Open liggitt opened 4 months ago
/kind bug
/triage accepted /sig architecture testing /area code-organization
go: download go1.22.3 for linux/amd64: toolchain not available
This is an error I've seen when we use go 1.x
and not go 1.x.y
as the go directive, some instances: https://github.com/golang/go/issues/62278, https://github.com/dependabot/dependabot-core/issues/7895
Which is why what you said here makes sense: https://github.com/kubernetes/kubernetes/pull/124922#issuecomment-2117868143. Once the actual bump happens, GOTOOLCHAIN
env variable that will propagate into the container will match with the toolchain that exists already and go
will not try and download it again leading to the error (similar to the issues linked).
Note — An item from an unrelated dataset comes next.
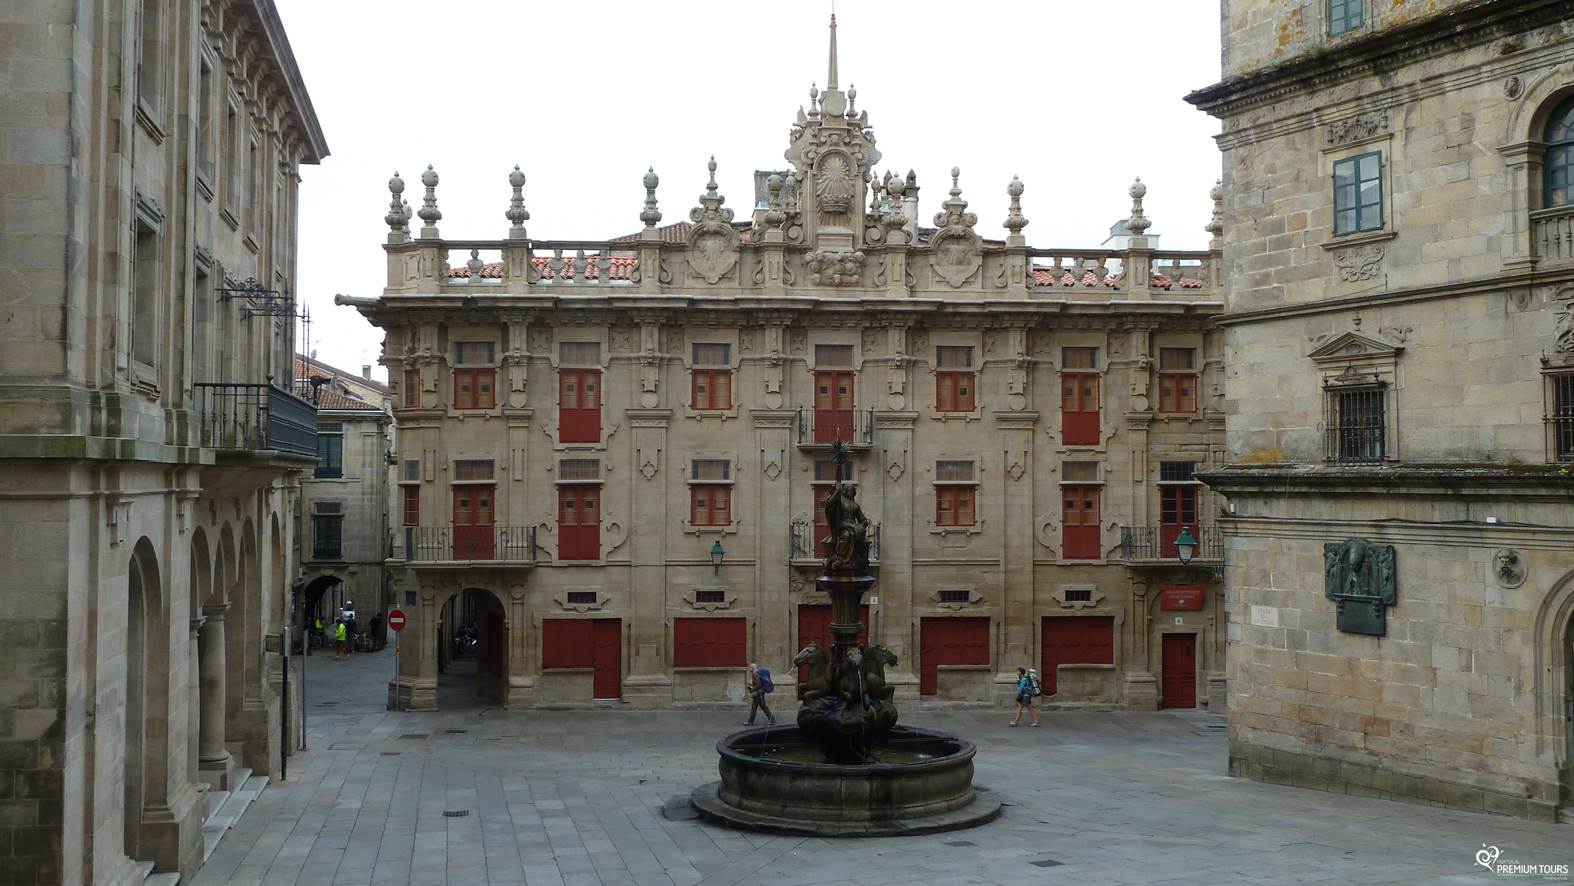 Come feel Santiago de Compostela | Portugal Premium Tours1574 x 886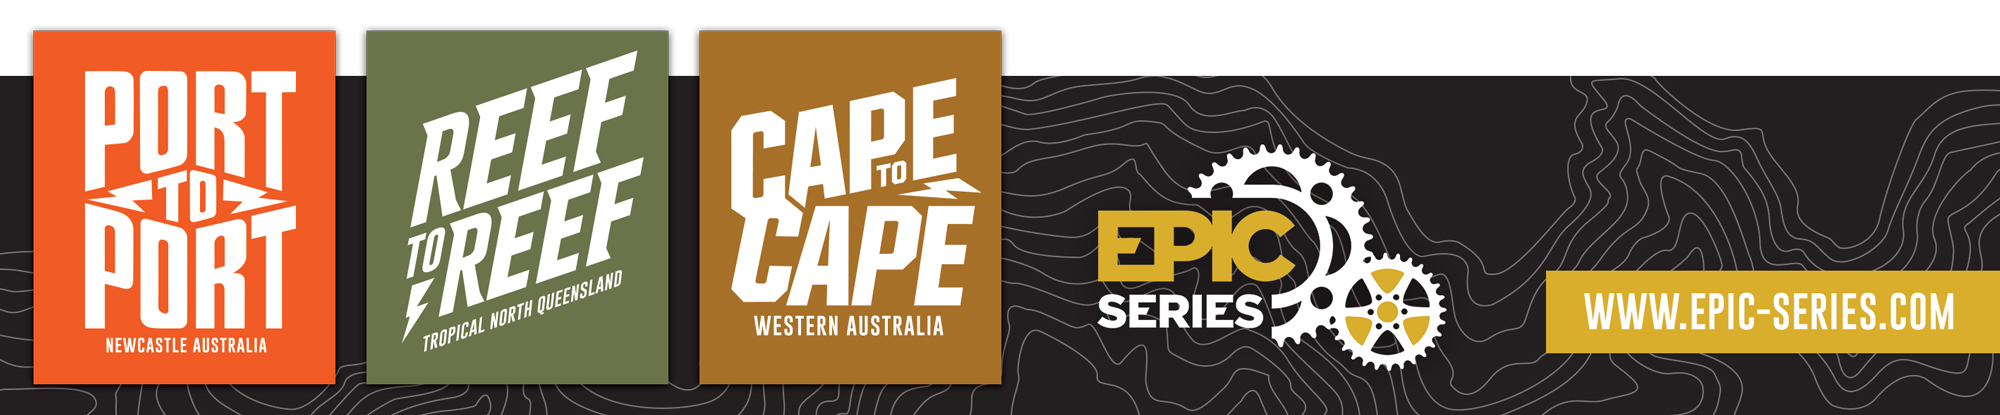 epic series logo banner

This seems to also be the reason the verify job failed here: https://github.com/kubernetes/kubernetes/pull/122410
When I had started the testing, master
was still not on go1.22 leading to the kube-build go toolchain mismatch.
I wonder if it would be a good idea to substitute the value of .go-version
directly in the kube-build script
But I guess the long term solution would be to incorporate the toolchain directive into our go mods and the tooling.
But I guess the long term solution would be to incorporate the toolchain directive into our go mods and the tooling.
This also has the benefit of enabling IDEs to respect it without our makefiles (though your builds still won't match us if you just go build), but we gain additional complexity making these align and we need to continue to respect .go-version / envs properly for now because downstream users depend on this "API"
Even if we switch to toolchain in go.mod we should probably make the env / .go-version work properly for at least one minor while putting a release note that downstreams must switch. (I'm sure an argument could be made for longer).
It would probably be preferable to keep them working permanently because nobody wants to carry go.mod patches but it is common to need to force a different go version for security patching etc.
Do we know yet if this applies to all branches?
Do we know yet if this applies to all branches?
yes, it applies to all branches (we saw this when trying to just bump .go-version to 1.22.x on release branches)
/assign
So, interestingly if I do GOTOOLCHAIN=go1.21.9 make verify WHAT=codegen
, we get the same failure.
go: downloading go1.21.9 (linux/amd64) go: download go1.21.9 for linux/amd64: toolchain not available
Seems like something is broken with GOTOOLCHAIN support in this go install or go, rather than our scripts?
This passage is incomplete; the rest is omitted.